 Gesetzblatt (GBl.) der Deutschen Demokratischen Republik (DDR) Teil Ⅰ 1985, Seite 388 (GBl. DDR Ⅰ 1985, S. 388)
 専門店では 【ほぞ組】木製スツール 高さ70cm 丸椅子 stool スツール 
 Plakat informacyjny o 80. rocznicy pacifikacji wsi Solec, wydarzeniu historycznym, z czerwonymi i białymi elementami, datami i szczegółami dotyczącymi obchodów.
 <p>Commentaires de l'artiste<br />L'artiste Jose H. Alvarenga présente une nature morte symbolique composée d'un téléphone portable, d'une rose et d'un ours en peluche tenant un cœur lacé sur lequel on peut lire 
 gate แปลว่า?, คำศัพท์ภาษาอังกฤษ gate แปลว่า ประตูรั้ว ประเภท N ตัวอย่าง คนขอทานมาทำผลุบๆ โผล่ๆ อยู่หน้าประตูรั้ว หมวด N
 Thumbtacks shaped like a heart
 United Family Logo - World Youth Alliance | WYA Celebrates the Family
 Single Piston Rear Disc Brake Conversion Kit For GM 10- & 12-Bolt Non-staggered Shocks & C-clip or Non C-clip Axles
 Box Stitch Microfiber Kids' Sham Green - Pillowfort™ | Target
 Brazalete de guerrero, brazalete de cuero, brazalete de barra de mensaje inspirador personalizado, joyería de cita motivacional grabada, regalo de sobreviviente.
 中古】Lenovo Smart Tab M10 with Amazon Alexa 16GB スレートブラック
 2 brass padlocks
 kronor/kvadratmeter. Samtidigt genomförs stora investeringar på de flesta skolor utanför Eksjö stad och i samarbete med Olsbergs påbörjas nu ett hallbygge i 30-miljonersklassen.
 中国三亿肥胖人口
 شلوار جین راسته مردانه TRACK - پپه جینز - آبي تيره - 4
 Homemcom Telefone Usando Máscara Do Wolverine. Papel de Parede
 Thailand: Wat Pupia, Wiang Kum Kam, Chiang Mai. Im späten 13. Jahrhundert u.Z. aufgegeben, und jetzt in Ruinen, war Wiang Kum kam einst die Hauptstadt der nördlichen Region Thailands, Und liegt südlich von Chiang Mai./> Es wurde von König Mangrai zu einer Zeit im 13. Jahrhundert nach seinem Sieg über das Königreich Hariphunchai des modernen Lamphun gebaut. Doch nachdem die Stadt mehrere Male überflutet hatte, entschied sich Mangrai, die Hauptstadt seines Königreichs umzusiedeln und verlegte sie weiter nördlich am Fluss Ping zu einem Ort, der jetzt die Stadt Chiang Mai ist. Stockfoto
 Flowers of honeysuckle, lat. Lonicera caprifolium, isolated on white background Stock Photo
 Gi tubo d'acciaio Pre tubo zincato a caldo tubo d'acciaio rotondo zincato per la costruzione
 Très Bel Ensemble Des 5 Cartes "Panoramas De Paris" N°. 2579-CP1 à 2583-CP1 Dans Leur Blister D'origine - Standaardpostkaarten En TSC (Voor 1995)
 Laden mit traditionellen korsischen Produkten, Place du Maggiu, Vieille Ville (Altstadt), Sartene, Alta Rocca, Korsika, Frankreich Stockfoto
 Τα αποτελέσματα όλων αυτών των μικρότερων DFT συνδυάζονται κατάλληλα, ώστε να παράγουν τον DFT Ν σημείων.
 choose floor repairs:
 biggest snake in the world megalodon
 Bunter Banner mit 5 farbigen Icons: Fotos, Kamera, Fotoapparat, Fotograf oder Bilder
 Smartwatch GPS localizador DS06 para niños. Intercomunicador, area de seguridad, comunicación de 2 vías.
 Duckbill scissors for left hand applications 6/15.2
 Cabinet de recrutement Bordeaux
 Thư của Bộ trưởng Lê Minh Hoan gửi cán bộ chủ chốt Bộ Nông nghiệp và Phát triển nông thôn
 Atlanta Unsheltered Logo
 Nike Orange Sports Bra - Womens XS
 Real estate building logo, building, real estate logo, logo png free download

# # # # #

_PROBLEM TO WORK ON_
Return each line from the material that includes the string "Stockfoto".

_EXERCISE RESPONSE_
 Thailand: Wat Pupia, Wiang Kum Kam, Chiang Mai. Im späten 13. Jahrhundert u.Z. aufgegeben, und jetzt in Ruinen, war Wiang Kum kam einst die Hauptstadt der nördlichen Region Thailands, Und liegt südlich von Chiang Mai./> Es wurde von König Mangrai zu einer Zeit im 13. Jahrhundert nach seinem Sieg über das Königreich Hariphunchai des modernen Lamphun gebaut. Doch nachdem die Stadt mehrere Male überflutet hatte, entschied sich Mangrai, die Hauptstadt seines Königreichs umzusiedeln und verlegte sie weiter nördlich am Fluss Ping zu einem Ort, der jetzt die Stadt Chiang Mai ist. Stockfoto
 Laden mit traditionellen korsischen Produkten, Place du Maggiu, Vieille Ville (Altstadt), Sartene, Alta Rocca, Korsika, Frankreich Stockfoto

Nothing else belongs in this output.